- [Recorded data]

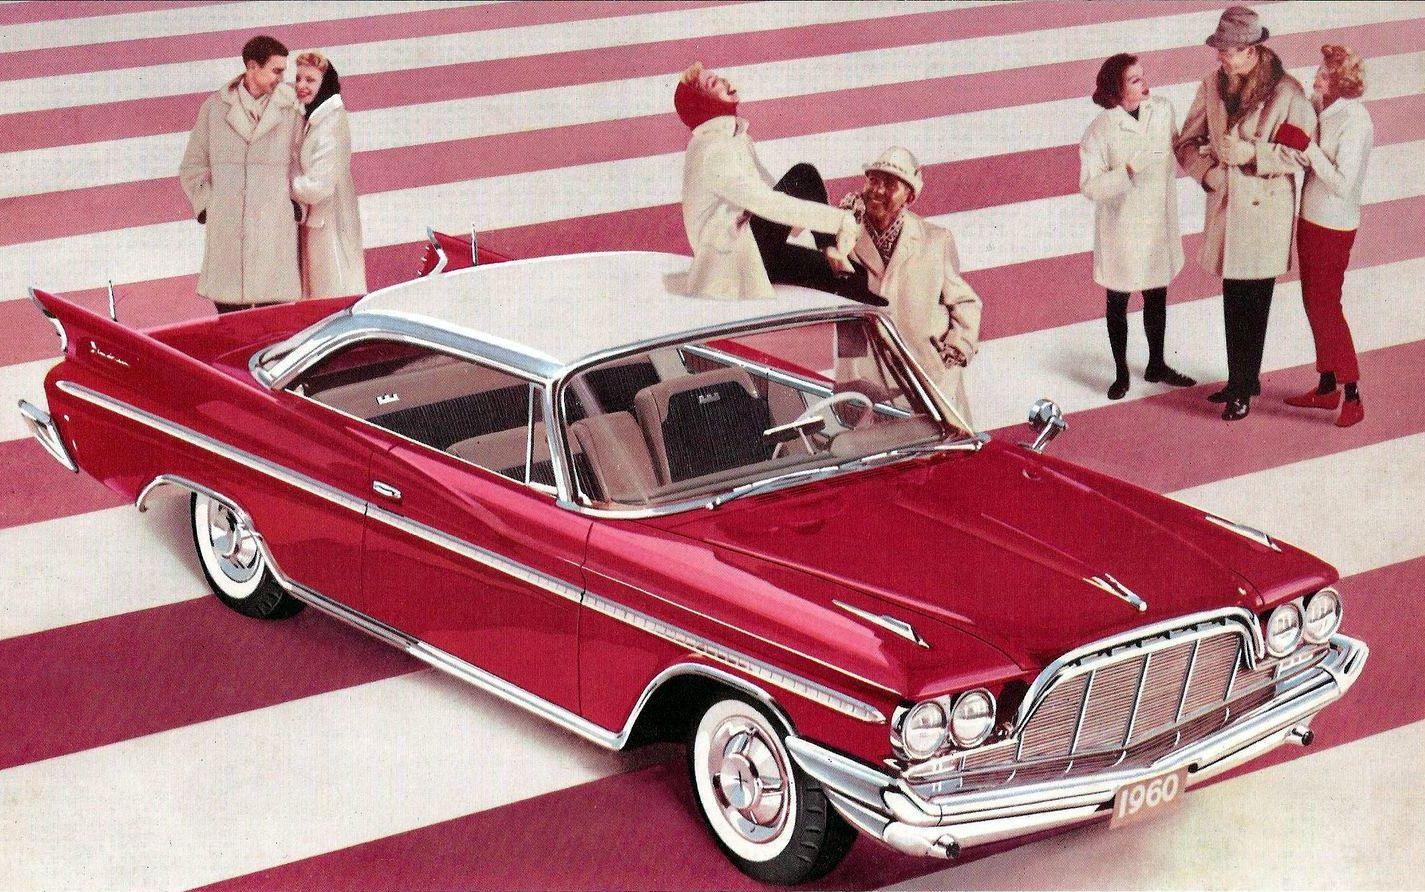 1960 Desoto advertisement
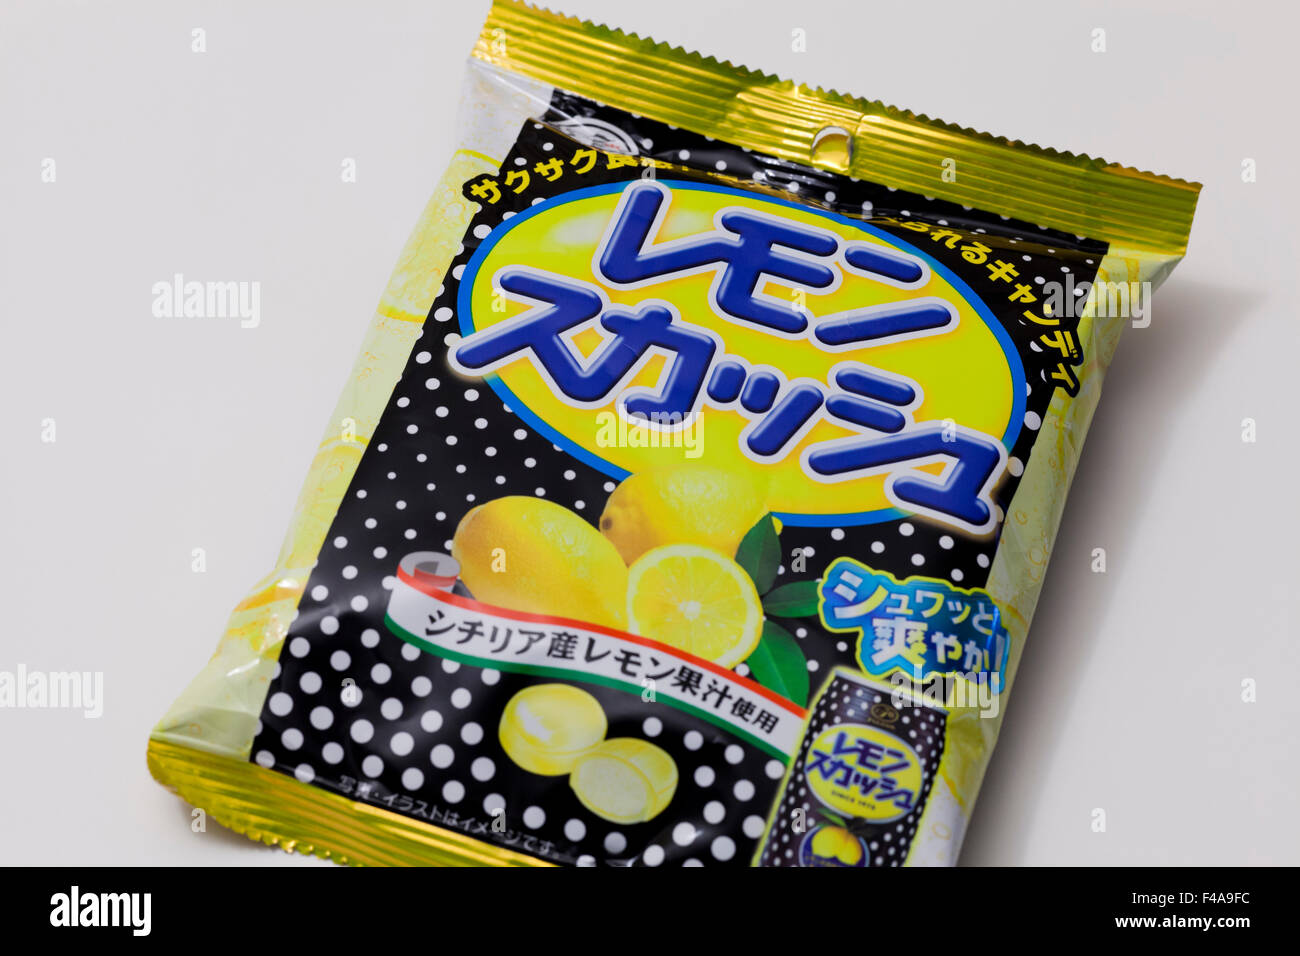 Fujiya Lemon Squash-Süßigkeiten-Paket Stockfoto
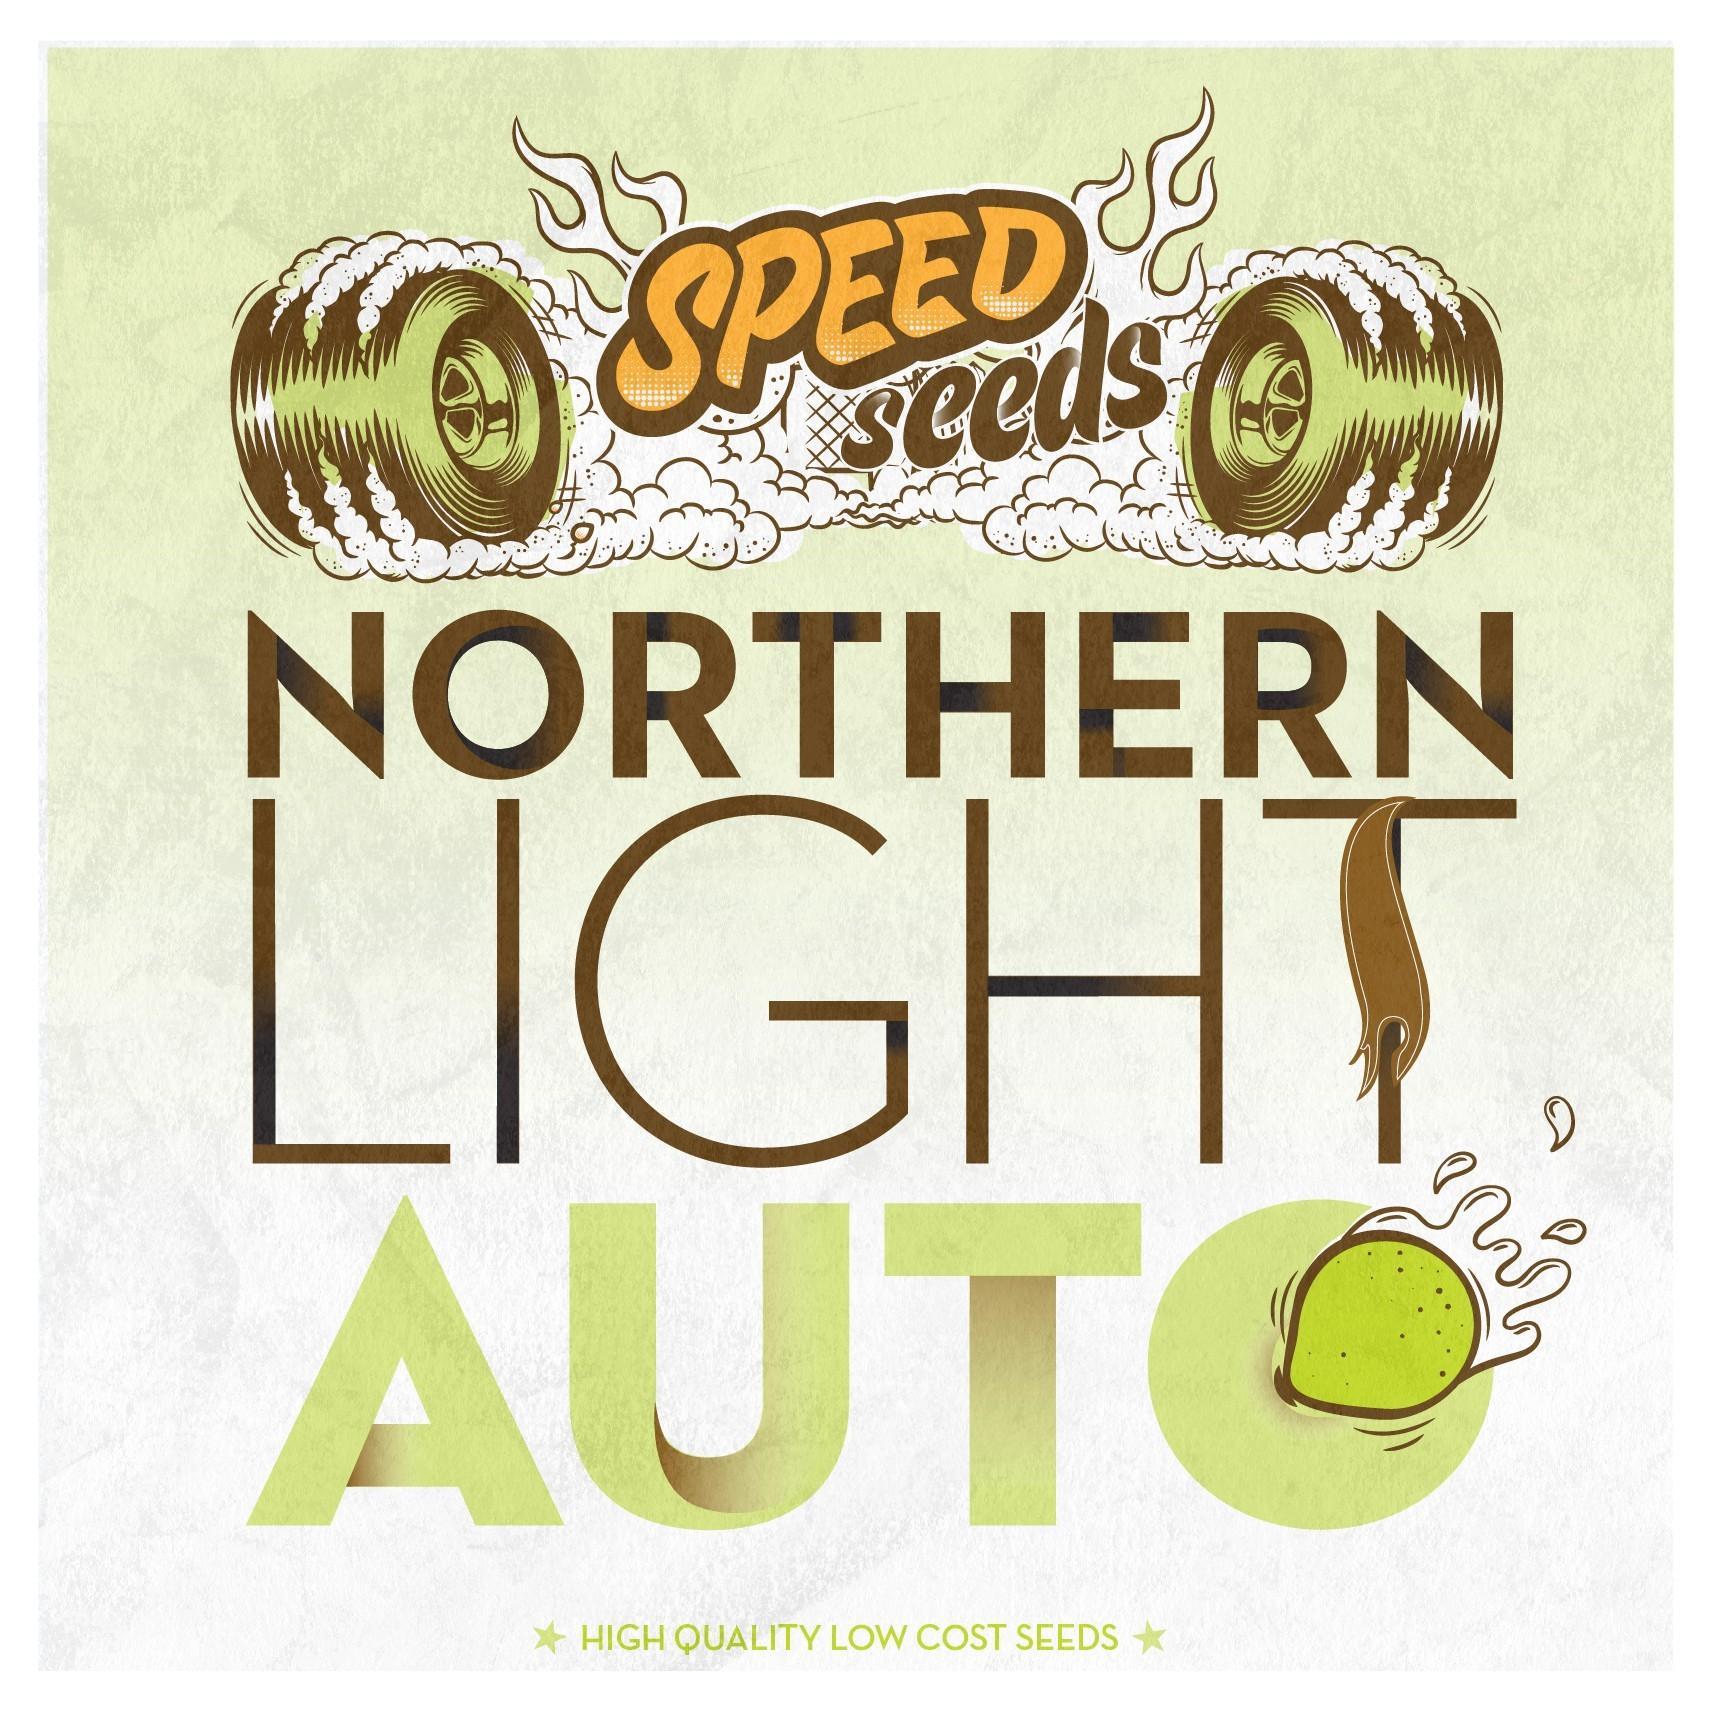 Northern Light Auto Speed Seeds Semilla feminizada marihuana barata granel 0
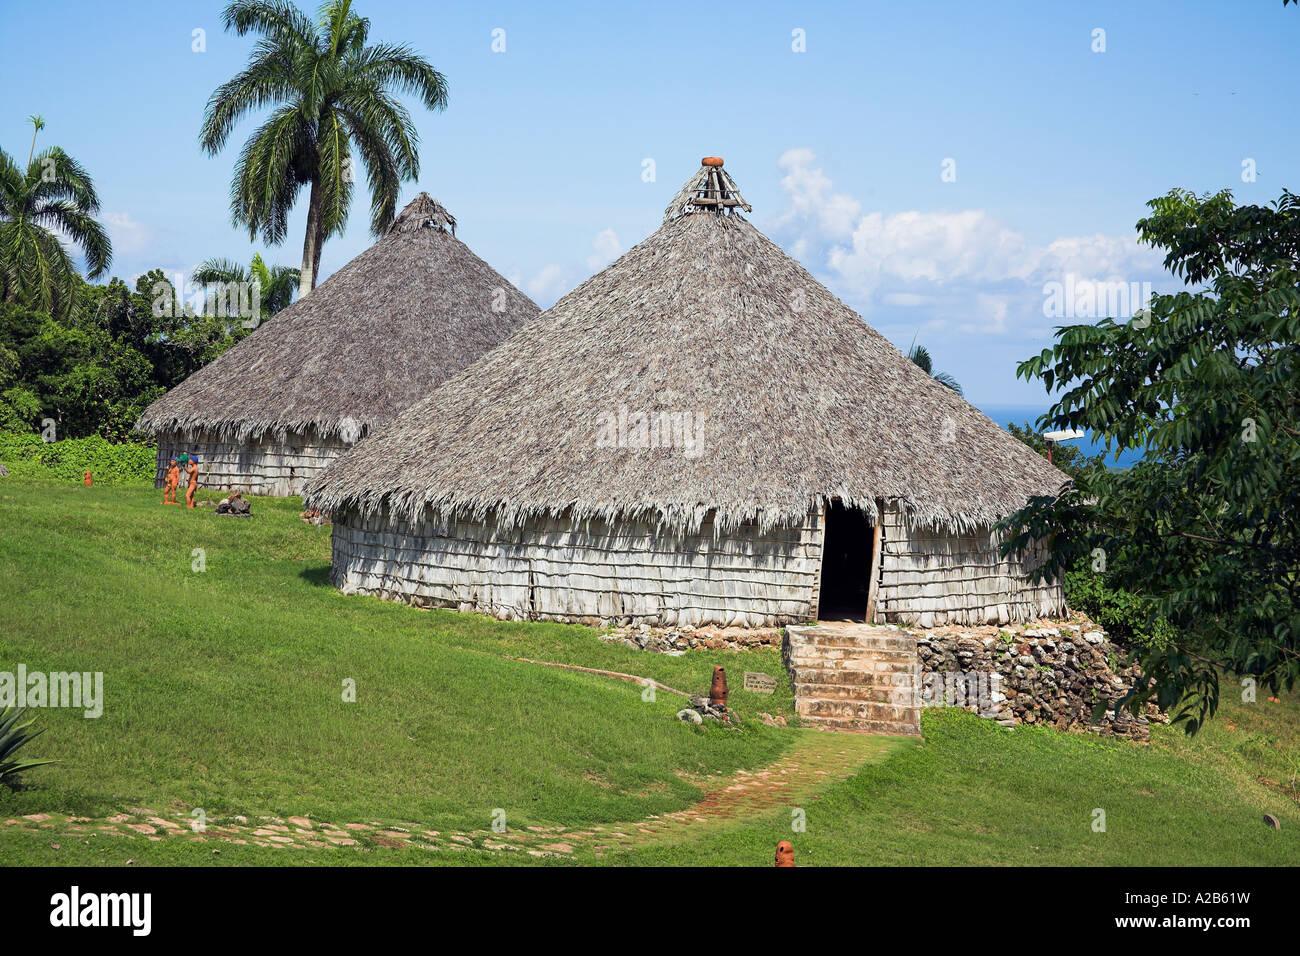 Houses in reproduction Taino Indian village, Chorro de Maita, Banes, near Guardalavaca, Holguin Province, Cuba - Stock Image

- [Work required] Set aside the pictures. Then return every line of the material above verbatim.

- [Output for this task]
 1960 Desoto advertisement
 Fujiya Lemon Squash-Süßigkeiten-Paket Stockfoto
 Northern Light Auto Speed Seeds Semilla feminizada marihuana barata granel 0
 Houses in reproduction Taino Indian village, Chorro de Maita, Banes, near Guardalavaca, Holguin Province, Cuba - Stock Image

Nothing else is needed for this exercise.